There is a way to disrupt the entertainment business, but since they've failed to do that with AppleTV, I have no hope they have what it takes to disrupt Hollywood.

And if I want to invest in movies, there are plenty of other places who've already proven they know how to work the current system better than Apple can.

Maillard Reactionary said...

Even disrupted business models eventually lead to saturated markets.

I was interviewed once by a firm (ca. 2000) that was based on the idea of the "cloud DVR", i.e., you could store and view recordings on their servers, rather than your own box, the idea (hope) being that people would watch more movies that way, how could it miss?

I asked my interviewer what the company would do if it turned out that people were already spending about as much time watching TV as... they had time to.

He said he would probably jump off a cliff (he was one of those enthusiastic Persians that tend to do so much better here than back home). I hope he had a soft landing, the company was gone in a year or so. I saw from their 10-Qs that they were into negative amortization on their debt, so I had decided that it didn't look like my kind of place.

I didn't actually get an offer, but I attribute this to my offering a different opinion on the best wine for our dinner that evening.

There's a lesson in there somewhere for the youngsters among us, I will let them figure out what it might be.

n.n said...

Apple must self-identity as Goofy.

MB said...

Within Apple there is to be a struggle between two types of people, the designers on one hand (who supplanted the engineers 20+ years ago) and the marketing and media types on the other.
The designers haven't put out any exciting new devices for years. Technology progresses relatively slowly, compared to fashion, which changes every season. Few get excited about technology anymore.

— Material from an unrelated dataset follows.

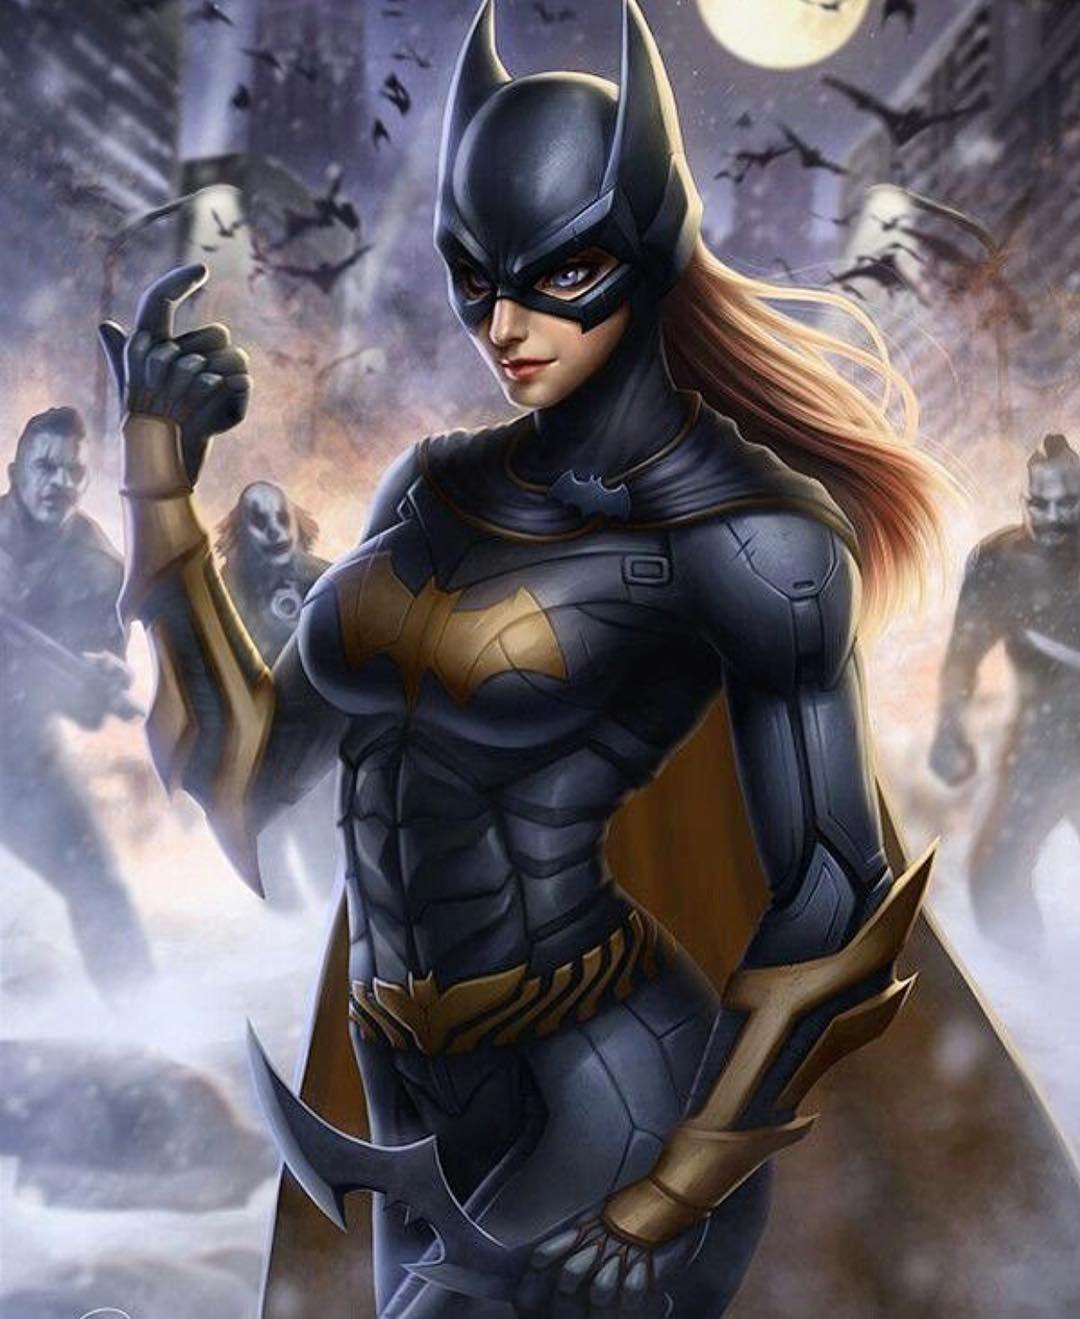 Barbara Gordon Aka Batgirl Dc Gotham Dccomics Batman Batgirl Dc Comics Dc Comics A

So if Apple wants to stay relevant, to not be left behind, it cannot depend on technology. It's the cycle of life.
The media types have the upper hand. Now they are getting more allies.
It's clear where Apple is heading. It will be a platform and produce its own content, like HBO, Netflix and Amazon. They're counting on aggressively pushing these new services to their existing customer base to get back into the game.